A mass exit of insurers from the exchanges would leave millions suddenly uninsured, creating exactly the sort of health coverage chaos that the Trump and his advisers have repeatedly promised to avoid. Republicans could blame the Obama administration, arguing, as they already have, that the foundations of the law were weak and that it was doomed anyway. But Trump himself would have been the one to take a wrecking ball to its structure, and thus would almost certainly have to absorb most of the political fallout.
In theory, this would all be done through a slow and deliberative process. The order instructs agencies to follow the Administrative Procedures Act, which means going through the lengthy federal rulemaking process, which can take months in the fastest of circumstances.
However, the Obama administration has paved the way for much more aggressive executive action. As Seth Chandler notes, the Obama administration created the hardship exemptions without the requisite notice and comment period. The Obama administration also delayed the enforcement of the employer mandate and a handful of other insurance regulations in ways that even defenders of the law said were beyond the scope of its authority. The Trump administration could follow the same path, suspending enforcement of the mandate without going through the usual motions.
The Trump administration, then, could use the precedent set by the illegal actions the Obama administration took to prop up Obamacare to take the law down—turning the previous administration’s expansive claims of executive authority against its signature initiative.
This was always the risk of the Obama administration’s repeated decisions to short circuit the traditional regulatory process in order to keep the health law from falling apart—and the more astute supporters of the law recognized this. Trump can’t repeal Obamacare from the White House, but he can take a sledgehammer to its foundations. Because Obamacare was held together with ad hoc executive orders, often issued under political pressure, it could be undone with the same. Essentially, as Politico’s Dan Diamond writes, the new administration could be use Obamacare to kill Obamacare.
But this is all a big if. Given Trump’s history of confusion on health policy, and his stated desire to avoid the sort of insurance market disarray that an executive branch strategy would cause, it is just as plausible that Trump’s executive order results in few if any meaningful changes to Obamacare, at least in the short term. Indeed, this could even be a way of signaling that he expects his administration to keep Obamacare alive and afloat while Congress tries to move forward on the repeal process. Notably, it instructs agencies to provide relief to insurers as well. The order is simply too open-ended to draw any definitive conclusions about what it means for the law.

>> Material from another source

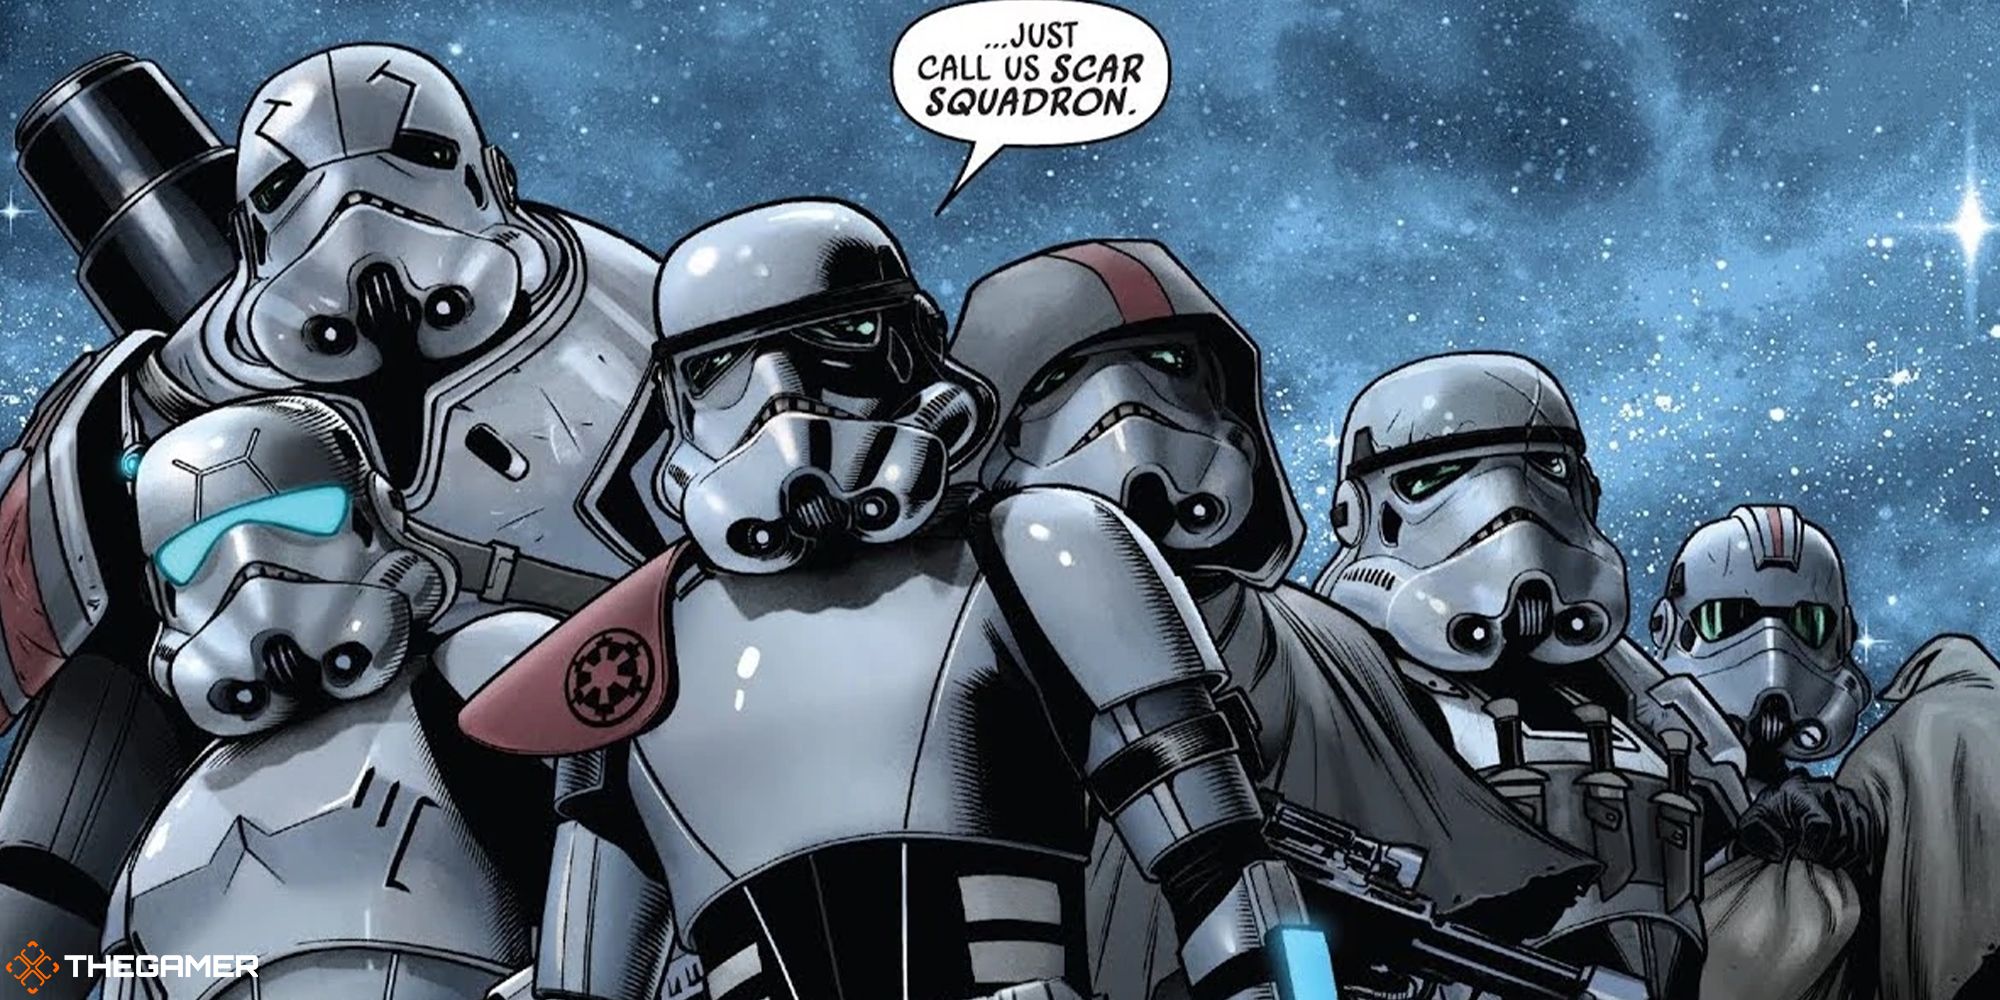 Star Wars comic (2015) - SCAR squad
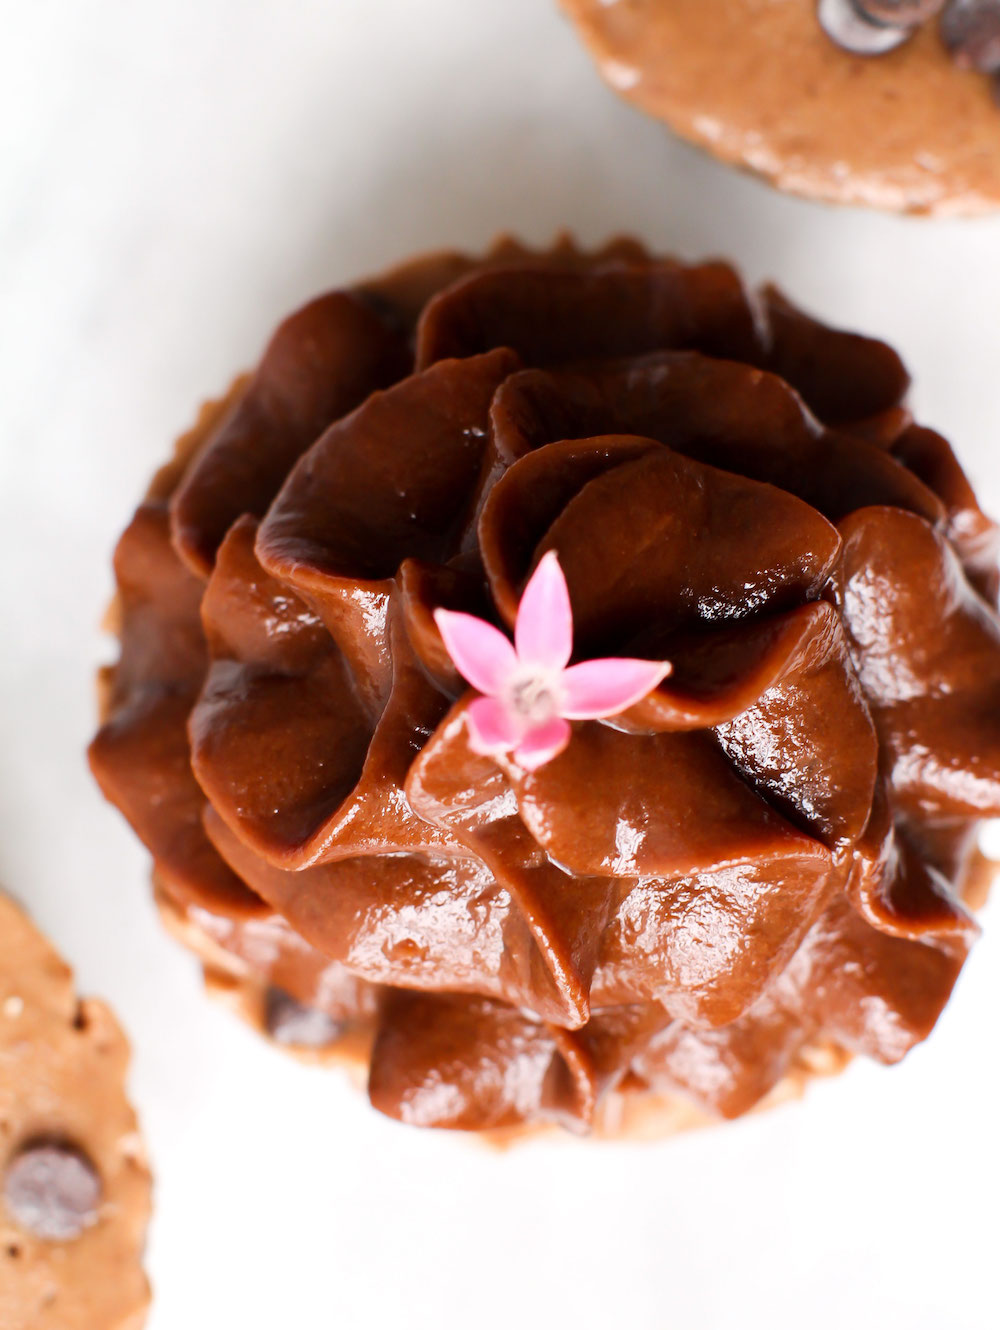 Double Chocolate Ice Cream Cupcakes | Vegan, Gluten-Free, Fruit-Sweetened

It does, however, provide a clue as to how Trump is likely to govern: by aggressively leveraging the expanded executive powers left by President Obama, sometimes to undo Obama’s achievements, and sometimes to advance his own agenda, whatever that turns out to be.
Obama, frustrated by congressional gridlock and inaction, frequently resorted to the sort of aggressive administrative action that effectively amounted to executive branch lawmaking. This latest executive order is a strong signal that his successor will do the same.
In the end, this may end up as Obama’s most consequential legacy—not the policies he presided over, but the process by which they were put into place. Obama touted the power of the pen and phone, but now that power is Trump’s to wield.